A practical workflow for 2026
Here's a workflow that works, based on what's actually driving results for teams doing this well right now.
Week 1-2: Build your initial prompt list Start with 30-40 prompts. Pull from your top organic keywords (converted to conversational format), your sales team's FAQ list, and your competitors' most-cited content. Cover all five prompt types and all three buyer journey stages.
Week 3-4: Run them across multiple AI models Track each prompt across at least ChatGPT, Perplexity, and Google AI Overviews. The same prompt can produce very different citation patterns across models.
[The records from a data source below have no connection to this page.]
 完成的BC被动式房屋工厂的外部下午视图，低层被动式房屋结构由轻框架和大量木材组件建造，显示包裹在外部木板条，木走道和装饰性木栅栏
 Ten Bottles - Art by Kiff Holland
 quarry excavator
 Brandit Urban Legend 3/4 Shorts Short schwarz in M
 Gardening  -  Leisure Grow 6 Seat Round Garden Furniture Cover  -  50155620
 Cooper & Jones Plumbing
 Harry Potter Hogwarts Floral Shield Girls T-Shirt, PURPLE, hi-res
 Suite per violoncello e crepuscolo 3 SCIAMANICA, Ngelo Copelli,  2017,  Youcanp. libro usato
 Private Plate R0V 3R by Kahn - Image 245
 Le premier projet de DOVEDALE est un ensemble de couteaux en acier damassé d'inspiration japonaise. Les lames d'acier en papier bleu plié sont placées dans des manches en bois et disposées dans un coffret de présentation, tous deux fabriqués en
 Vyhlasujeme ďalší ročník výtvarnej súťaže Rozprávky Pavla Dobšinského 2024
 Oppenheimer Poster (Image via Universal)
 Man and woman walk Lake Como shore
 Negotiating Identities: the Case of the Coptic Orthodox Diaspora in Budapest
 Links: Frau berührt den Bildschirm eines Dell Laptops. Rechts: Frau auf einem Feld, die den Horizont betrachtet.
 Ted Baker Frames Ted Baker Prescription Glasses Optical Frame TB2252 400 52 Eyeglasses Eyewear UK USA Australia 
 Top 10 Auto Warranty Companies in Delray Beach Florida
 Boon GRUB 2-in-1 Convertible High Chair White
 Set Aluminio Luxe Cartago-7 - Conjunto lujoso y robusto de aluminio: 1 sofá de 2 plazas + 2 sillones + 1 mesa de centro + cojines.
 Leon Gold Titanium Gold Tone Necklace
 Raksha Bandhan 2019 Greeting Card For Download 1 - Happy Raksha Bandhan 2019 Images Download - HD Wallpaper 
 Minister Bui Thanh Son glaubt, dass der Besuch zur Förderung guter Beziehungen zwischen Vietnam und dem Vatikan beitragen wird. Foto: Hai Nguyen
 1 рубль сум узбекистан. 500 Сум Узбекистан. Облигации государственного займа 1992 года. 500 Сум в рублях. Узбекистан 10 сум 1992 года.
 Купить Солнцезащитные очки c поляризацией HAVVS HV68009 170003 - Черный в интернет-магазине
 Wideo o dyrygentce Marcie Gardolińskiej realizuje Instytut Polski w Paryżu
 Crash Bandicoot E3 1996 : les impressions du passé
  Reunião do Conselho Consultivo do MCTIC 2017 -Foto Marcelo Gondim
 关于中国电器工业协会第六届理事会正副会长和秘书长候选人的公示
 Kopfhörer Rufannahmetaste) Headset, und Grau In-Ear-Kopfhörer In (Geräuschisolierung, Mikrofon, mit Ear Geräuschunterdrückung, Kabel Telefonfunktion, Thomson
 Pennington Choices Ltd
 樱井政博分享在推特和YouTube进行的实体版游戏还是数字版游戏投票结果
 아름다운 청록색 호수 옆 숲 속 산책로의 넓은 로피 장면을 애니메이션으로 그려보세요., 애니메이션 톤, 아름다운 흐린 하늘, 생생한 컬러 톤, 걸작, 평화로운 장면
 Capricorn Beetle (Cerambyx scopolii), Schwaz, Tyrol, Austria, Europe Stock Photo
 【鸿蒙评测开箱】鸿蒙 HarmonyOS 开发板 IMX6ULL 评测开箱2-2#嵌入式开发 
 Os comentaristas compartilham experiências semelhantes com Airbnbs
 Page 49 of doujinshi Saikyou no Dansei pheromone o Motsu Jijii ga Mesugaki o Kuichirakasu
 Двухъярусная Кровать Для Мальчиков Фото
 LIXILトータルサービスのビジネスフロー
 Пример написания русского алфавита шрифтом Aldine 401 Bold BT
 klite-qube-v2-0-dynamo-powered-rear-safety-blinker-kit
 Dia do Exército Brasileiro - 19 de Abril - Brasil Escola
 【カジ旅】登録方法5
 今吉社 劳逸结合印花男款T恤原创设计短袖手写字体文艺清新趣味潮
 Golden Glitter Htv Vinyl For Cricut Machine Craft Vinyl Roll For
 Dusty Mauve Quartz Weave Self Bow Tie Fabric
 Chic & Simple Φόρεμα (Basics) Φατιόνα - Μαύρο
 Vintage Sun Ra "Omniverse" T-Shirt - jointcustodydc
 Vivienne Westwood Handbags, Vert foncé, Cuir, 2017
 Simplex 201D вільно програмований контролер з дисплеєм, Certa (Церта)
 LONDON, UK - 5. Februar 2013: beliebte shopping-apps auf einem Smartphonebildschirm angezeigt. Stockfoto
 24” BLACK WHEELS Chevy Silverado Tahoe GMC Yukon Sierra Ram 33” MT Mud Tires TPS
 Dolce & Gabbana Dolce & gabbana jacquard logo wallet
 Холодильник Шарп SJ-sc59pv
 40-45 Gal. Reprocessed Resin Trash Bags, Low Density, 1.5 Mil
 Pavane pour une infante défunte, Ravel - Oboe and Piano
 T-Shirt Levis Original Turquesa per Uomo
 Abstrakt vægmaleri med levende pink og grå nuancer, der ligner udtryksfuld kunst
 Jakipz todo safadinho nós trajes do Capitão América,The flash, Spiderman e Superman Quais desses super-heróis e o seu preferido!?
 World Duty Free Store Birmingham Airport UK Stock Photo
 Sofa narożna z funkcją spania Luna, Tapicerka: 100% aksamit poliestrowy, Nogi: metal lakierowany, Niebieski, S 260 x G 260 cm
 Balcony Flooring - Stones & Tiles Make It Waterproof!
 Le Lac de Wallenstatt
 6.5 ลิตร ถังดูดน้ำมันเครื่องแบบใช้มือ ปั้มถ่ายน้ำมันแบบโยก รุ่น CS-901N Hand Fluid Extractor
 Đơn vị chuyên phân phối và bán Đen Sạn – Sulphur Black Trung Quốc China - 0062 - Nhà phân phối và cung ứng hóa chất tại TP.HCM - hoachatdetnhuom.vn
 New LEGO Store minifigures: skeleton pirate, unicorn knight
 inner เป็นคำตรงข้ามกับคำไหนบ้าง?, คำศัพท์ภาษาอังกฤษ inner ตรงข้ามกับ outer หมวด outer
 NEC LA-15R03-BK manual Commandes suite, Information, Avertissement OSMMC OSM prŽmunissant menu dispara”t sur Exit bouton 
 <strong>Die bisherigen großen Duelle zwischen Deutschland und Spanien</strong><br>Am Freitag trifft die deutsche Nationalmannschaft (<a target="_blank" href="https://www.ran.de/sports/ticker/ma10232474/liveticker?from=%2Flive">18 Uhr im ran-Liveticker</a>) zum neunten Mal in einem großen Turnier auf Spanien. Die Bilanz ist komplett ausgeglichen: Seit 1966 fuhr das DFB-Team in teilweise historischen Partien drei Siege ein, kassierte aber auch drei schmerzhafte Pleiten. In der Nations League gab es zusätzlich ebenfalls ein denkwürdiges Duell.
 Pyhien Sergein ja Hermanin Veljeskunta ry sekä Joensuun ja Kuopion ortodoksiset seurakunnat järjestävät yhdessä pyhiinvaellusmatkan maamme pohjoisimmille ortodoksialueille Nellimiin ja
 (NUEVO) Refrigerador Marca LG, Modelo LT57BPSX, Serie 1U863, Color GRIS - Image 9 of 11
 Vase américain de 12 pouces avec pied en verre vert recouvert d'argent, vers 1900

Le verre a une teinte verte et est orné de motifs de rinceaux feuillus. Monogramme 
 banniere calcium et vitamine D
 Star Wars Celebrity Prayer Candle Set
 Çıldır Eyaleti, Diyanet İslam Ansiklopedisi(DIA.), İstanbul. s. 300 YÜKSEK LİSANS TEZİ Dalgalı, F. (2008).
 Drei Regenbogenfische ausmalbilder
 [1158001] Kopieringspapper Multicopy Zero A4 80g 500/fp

A page that gets cited by Perplexity might be invisible to ChatGPT. You need the cross-model view.
Month 2: Cut and prioritize After 30 days, you'll have real data. Cut the prompts that show no citation activity and no competitor citations (they're either too niche or the AI models don't cite sources for them). Double down on prompts where competitors are being cited but you're not -- those are your highest-priority content gaps.
Month 2-3: Create content for the gaps For each gap prompt, create content that covers the topic at the depth the AI model seems to require. Use the query fan-out data to make sure you're covering sub-topics. Format the content to match the prompt type (comparison page for comparative prompts, step-by-step guide for instructional prompts, etc.).
Ongoing: Track citation rates and iterate Once your new content is live, watch whether citation rates improve for those prompts. This is the feedback loop that makes the whole system work. If a page starts getting cited, look at what it's doing right and replicate it. If it's not getting cited after 60 days, revisit the format and depth.
The mistake most teams make
They track too many prompts, don't track them long enough, and never connect the data back to content decisions.
Prompt tracking without content action is just a reporting exercise. The value is in the loop: find the prompts where you're invisible, understand why (usually missing or thin content), create better content, watch your citation rates improve.
Volume data is the starting point for prioritization. But the teams seeing real results from AI search in 2026 are the ones treating prompt volume as one input among several -- combined with difficulty scores, competitor citation analysis, and actual traffic attribution -- rather than chasing the biggest numbers on a dashboard.
Start small, track consistently, and let the citation data tell you where to invest. That's the approach that actually compounds.